You can scream, too,
for the angels to descend, to reassure you,
for nothing is impossible,
though you may find yourself in the quiet,
slushing through a mess of stars,
a swarm of bees smoked down in a hive.
July Night
I proved my emptiness when I lifted the cast iron skillet from the flame
so it could burn no one,
plunged broken glass bottles
on Sunday mornings
into the drain
so only the hillsides could bruise brown and blue
and host those flecks of glinted green, paper wrappers peeled
in sticky ribbons of ivory and metallic, every small reflection.
We learn to push away chaos,
and if lucky, we master the walk, balance the rusted wheel spokes
that bend the line between grace and doormat.
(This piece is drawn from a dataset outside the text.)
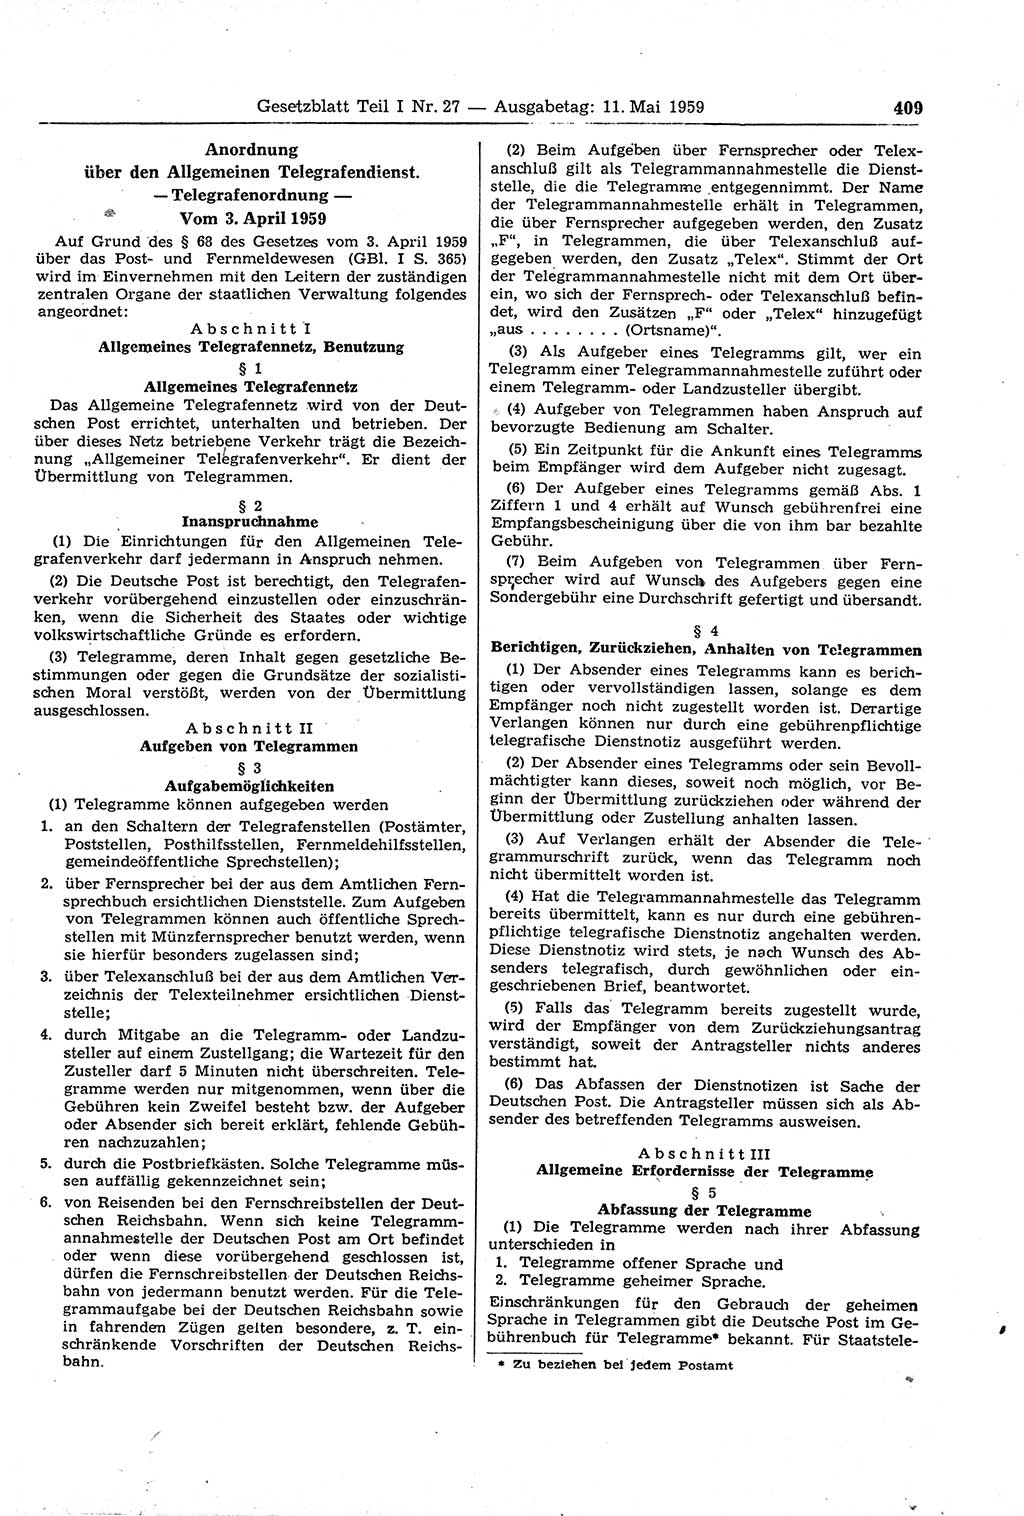 Gesetzblatt (GBl.) der Deutschen Demokratischen Republik (DDR) Teil Ⅰ 1959, Seite 409 (GBl. DDR Ⅰ 1959, S. 409)

How does one speak to the fire-hearts we meet along those tilted rays—
how does one cool them, pluck them
from their deadweight branches?
Do we spit on them, then shine them back up?
I wanted to pull forgiveness from the caverns between my ribs
as if it were connective tissue, there all along
but it seemed a short search gone on too long, and I was tired of trying.
So I speak today instead, unapologetically, about the fast rain
pitting my roof and all it does
for my sleep, how in the middle of the night, when my throat has gone up in smoke,
dry from too much salt and flu, I open my window
and open my mouth: no screens, no barriers—
just drops sprung loose from the blue earth lulling me out of fever—
a cure I could not count on,
come out of the black.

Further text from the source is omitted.